Вино было кисловатым и терпким. Первый стакан Варью еле выпил. Второй пошел лучше, даже вкус откуда-то
Хозяйка посмотрела на будильник в нише и всплеснула руками.
— Ах ты господи! Опять бегом придется бежать,— и, быстро собравшись, выскочила из дома.
—Она в молочной работает,— объяснил Янош
Балог.— Сейчас вечерний удой повезут. Полдесятого за ней машина придет. А в десять Эржи опять будет дома.
Варью расслабленно облокотился на край стола. Слишком сытным был обед, да и вино начинало туманить голову. Ему казалось все более очевидным, что этот Янош Балог — мужик не промах. Варью уже завидовал его домовитости, способности без стеснения сидеть, есть, двигаться, по-свойски чувствовать себя в этом чистеньком беленом домике с опрятным крыльцом. Еще месяц назад Балог разъезжал, неприкаянный, по уходящим в неизвестность дорогам; а теперь вот у него — и дом, и семья. Эти люди с ним считаются, по вечерам готовят ему лечебный чай, беседуют с ним, даже, может быть, любят его. А если и не любят, то принимают таким, каков он есть. Варью представил Жожо... Вот она ждет его дома с паприкашем из цыпленка и потом стоит возле стола и с благоговением смотрит, как он ест... Варью тряхнул головой: он чувствовал, что Жожо совсем иная; да и он не похож на Балога. Он бы просто не смог есть, если бы Жожо стояла рядом. Как это можно — есть одному?.. Конечно, дом этот, с кухней, большим двором, со старой шелковицей, очень уютный, здесь хорошо. Но свою жизнь Варью представлял не так. Он вспомнил слова молодого инженера из института лучевой защиты и задумался. Ему почти ясно виделось, как он, Варью, приходит к себе на пятый этаж нового красивого здания. Две комнаты и все удобства... Жожо стоит там... Где стоит? Он так и не мог решить, где она стоит. А когда протянул руку за стаканом, картина расплылась, рассеялась, как мираж. Варью выпил вино и стал думать о том, что приезжать, прибывать куда-то окончательно нельзя. Пристать к берегу — это крах, провал...

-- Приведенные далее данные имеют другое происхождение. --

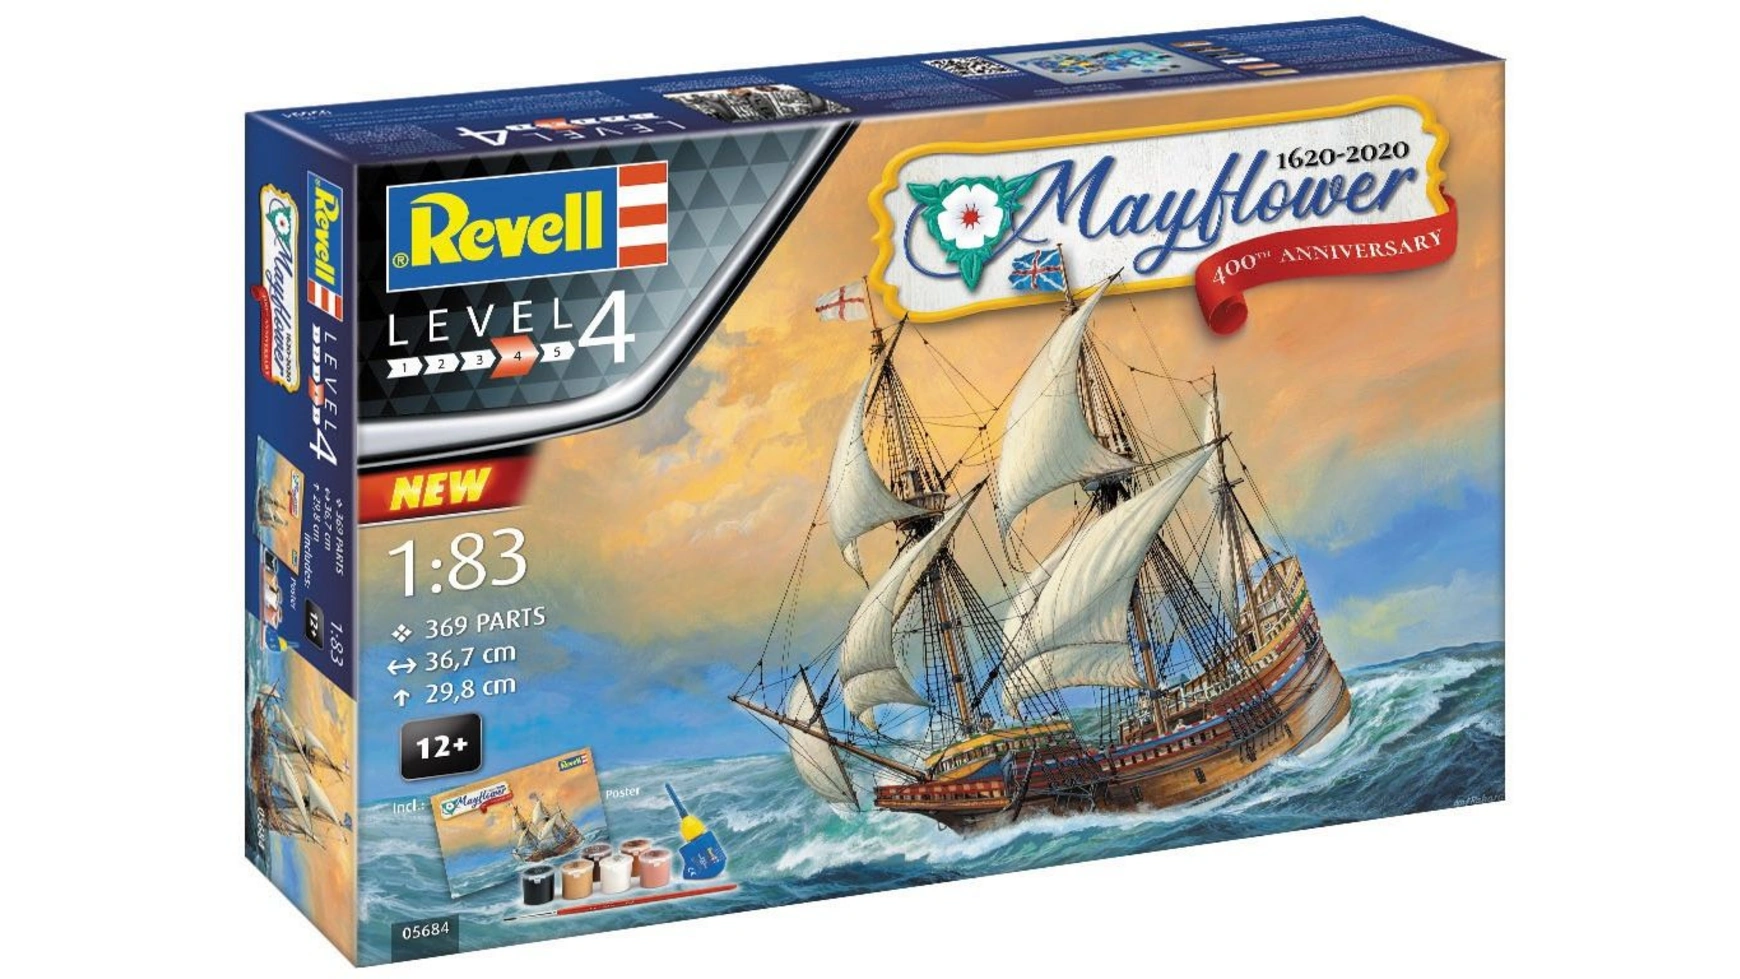 Revell Подарочный набор Mayflower 400-летие подарочный набор revell серии конфликт наций

— Мой-то больше палинку любил, чем это пакшское вино... Он так говаривал: от палинки — больше мо'чи, а от вина — мочи'.
— Ладно, ладно, мамаша,— перебил ее Балог, — говаривал — и хорошо, и царство ему небесное.
— Ох, если б царство...
Варью чувствовал, что Янош Балог чем-то недоволен. Но чем — непонятно. Варью повернулся к старухе:
— Ваш муж — он умер или нет?
— Умер,— ответил за старуху Балог.
Та грустно канала го докой.
— Это вот как было. Преподобный, отец, рыбы пожелал, потому как пост был о ту пору. Ну,мужик мой, Йожеф Сатник, да Пал Гуйаш — они вдвоем всегда рыбачили — сели к лодку да поплыли к другому берегу, в ту сторону, где хутор Норпади, верши осмотреть... Поплыли они утром, рано еще было. А часов в одиннадцать прошли сверху мониторы, немецкие да постреляли немного по ивнякам. Мы как раз возле Морицев стояли, видели реку меж домов. Всего-то четыре монитора было, да еще две или три моторки с пулеметами...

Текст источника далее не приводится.